Stored data Block Start

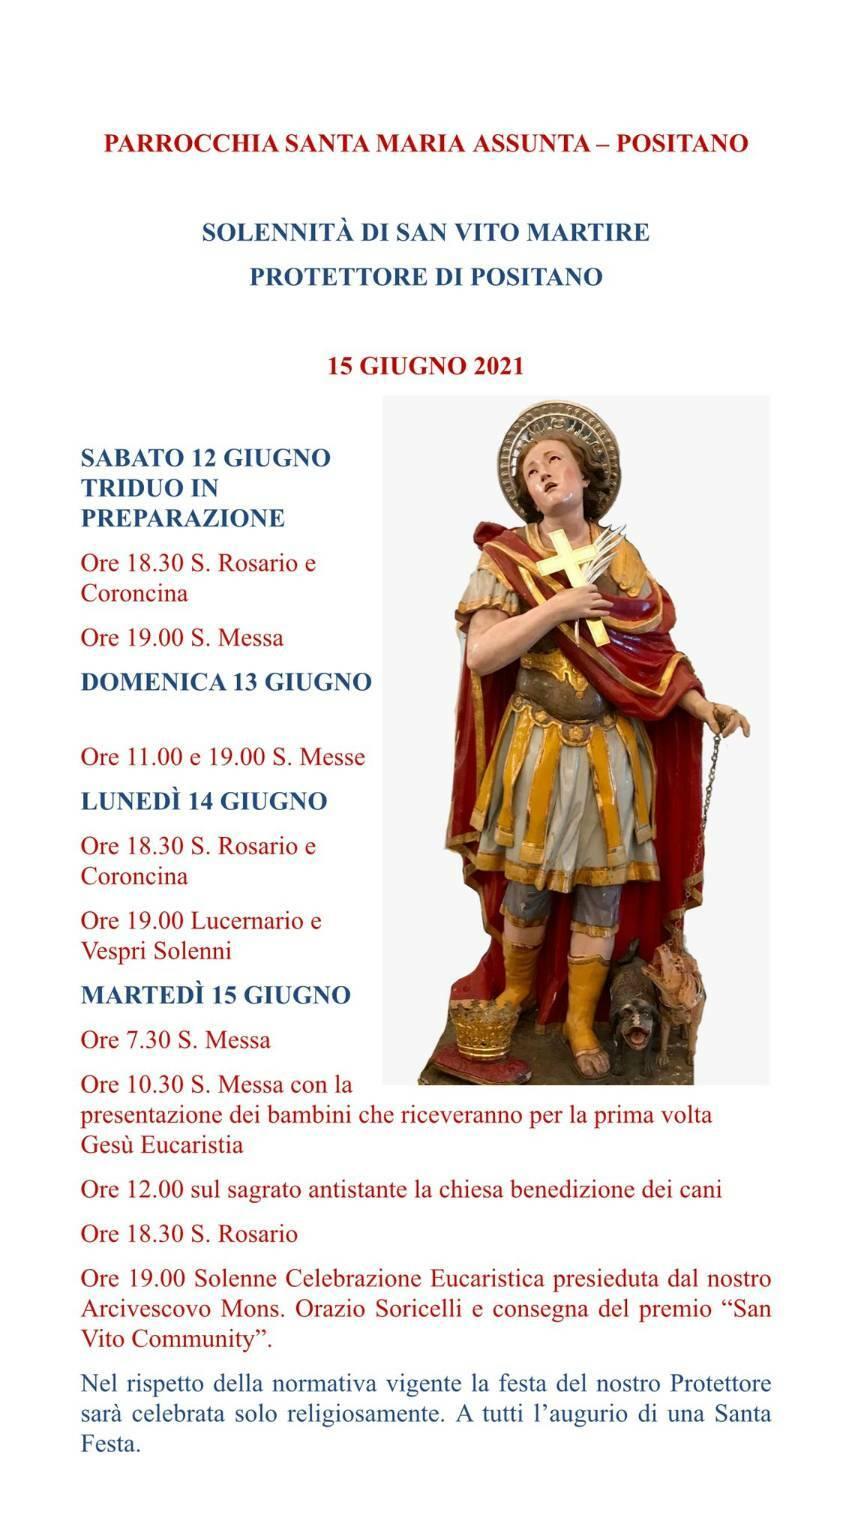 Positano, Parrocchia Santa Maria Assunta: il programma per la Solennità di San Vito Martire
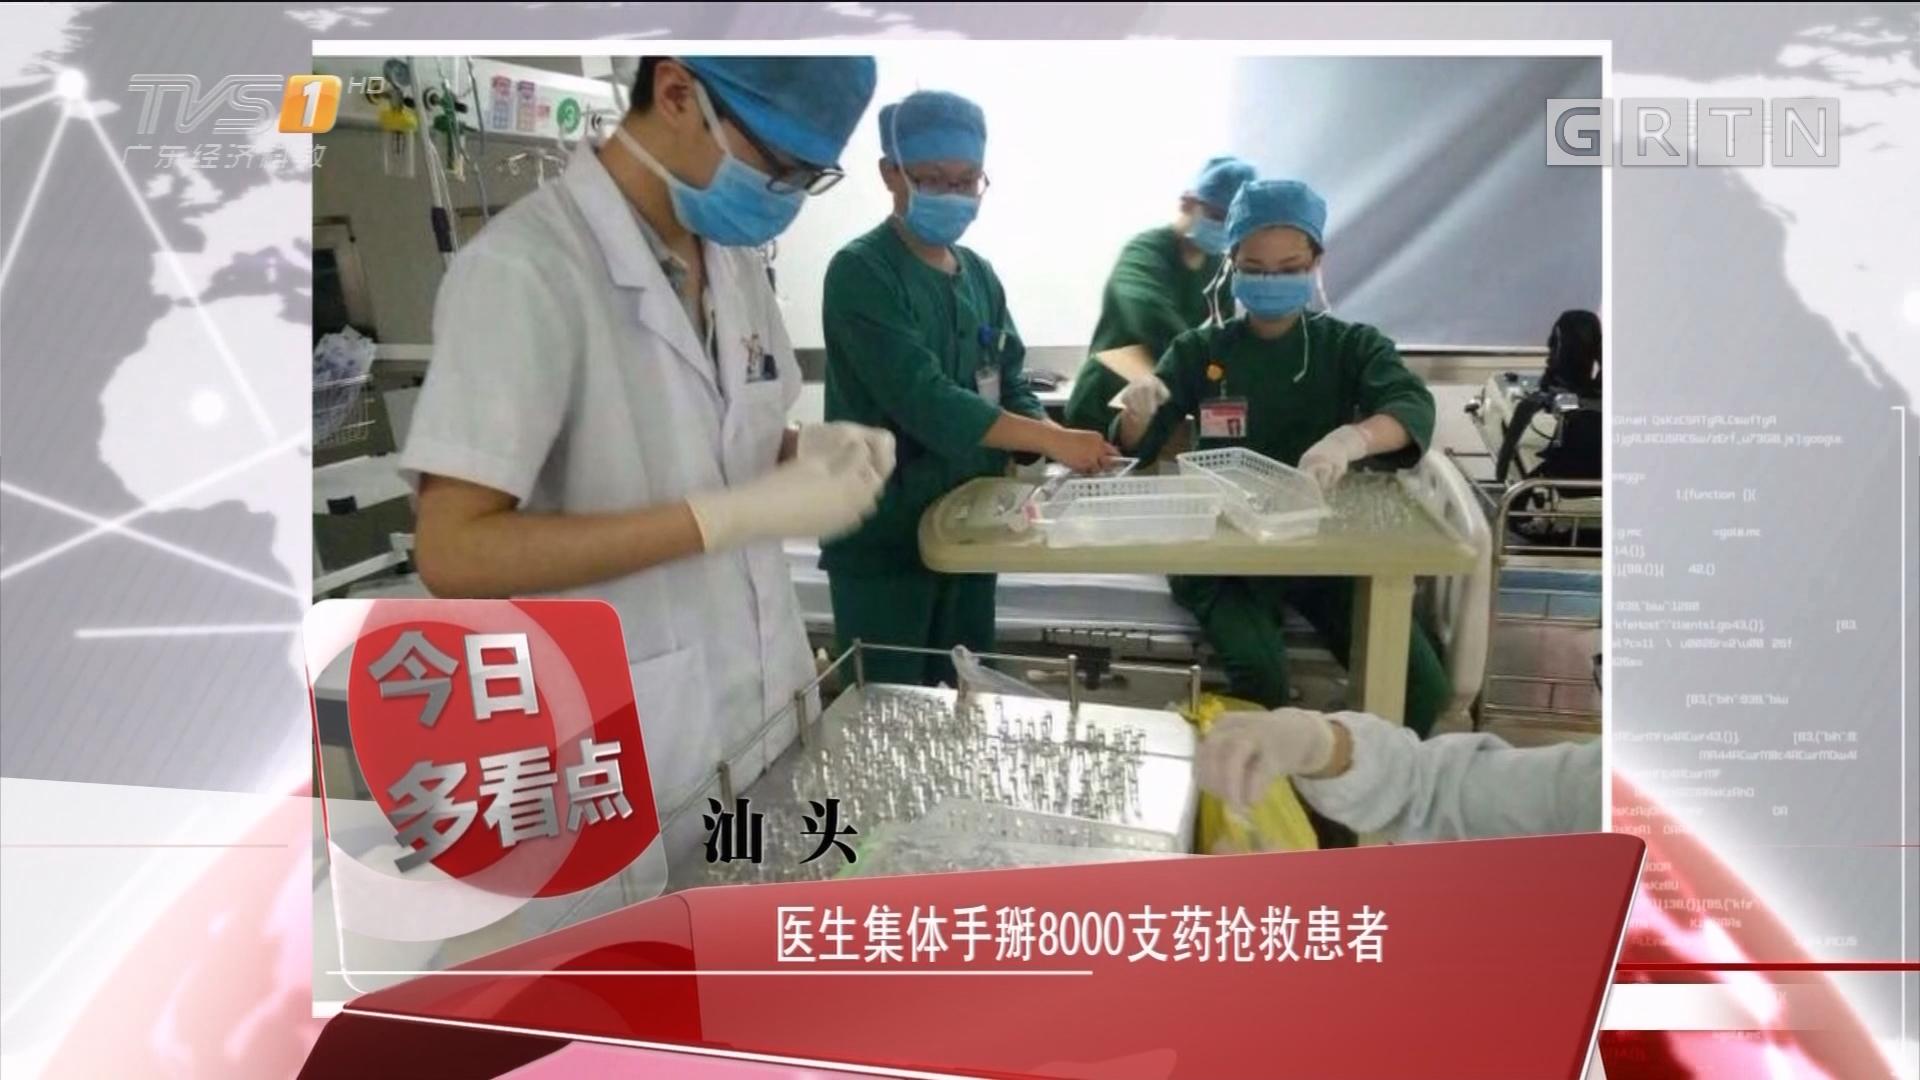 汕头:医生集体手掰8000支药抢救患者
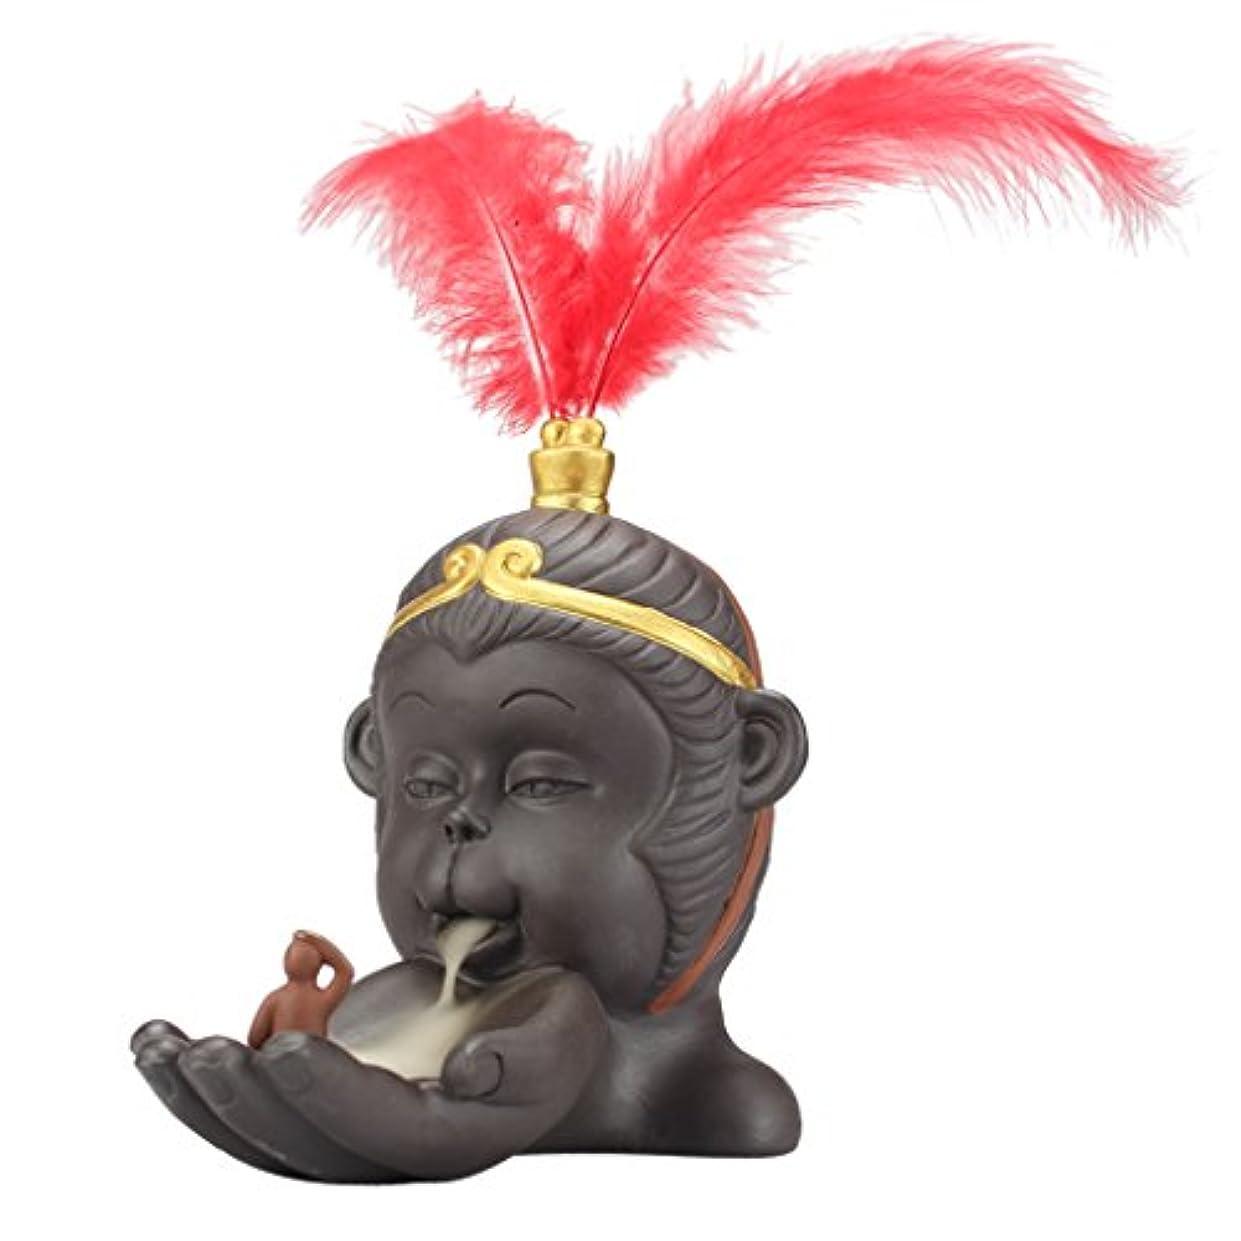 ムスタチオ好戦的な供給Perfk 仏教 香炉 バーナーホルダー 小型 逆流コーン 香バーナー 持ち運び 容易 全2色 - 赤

Stored data Block End

| Exercise objective |
From the line containing "汕头:医生集体手掰8000支药抢救患者" through the final line of the listing above, reproduce every line exactly, with no pictures.

| Task solution |
 汕头:医生集体手掰8000支药抢救患者
 ムスタチオ好戦的な供給Perfk 仏教 香炉 バーナーホルダー 小型 逆流コーン 香バーナー 持ち運び 容易 全2色 - 赤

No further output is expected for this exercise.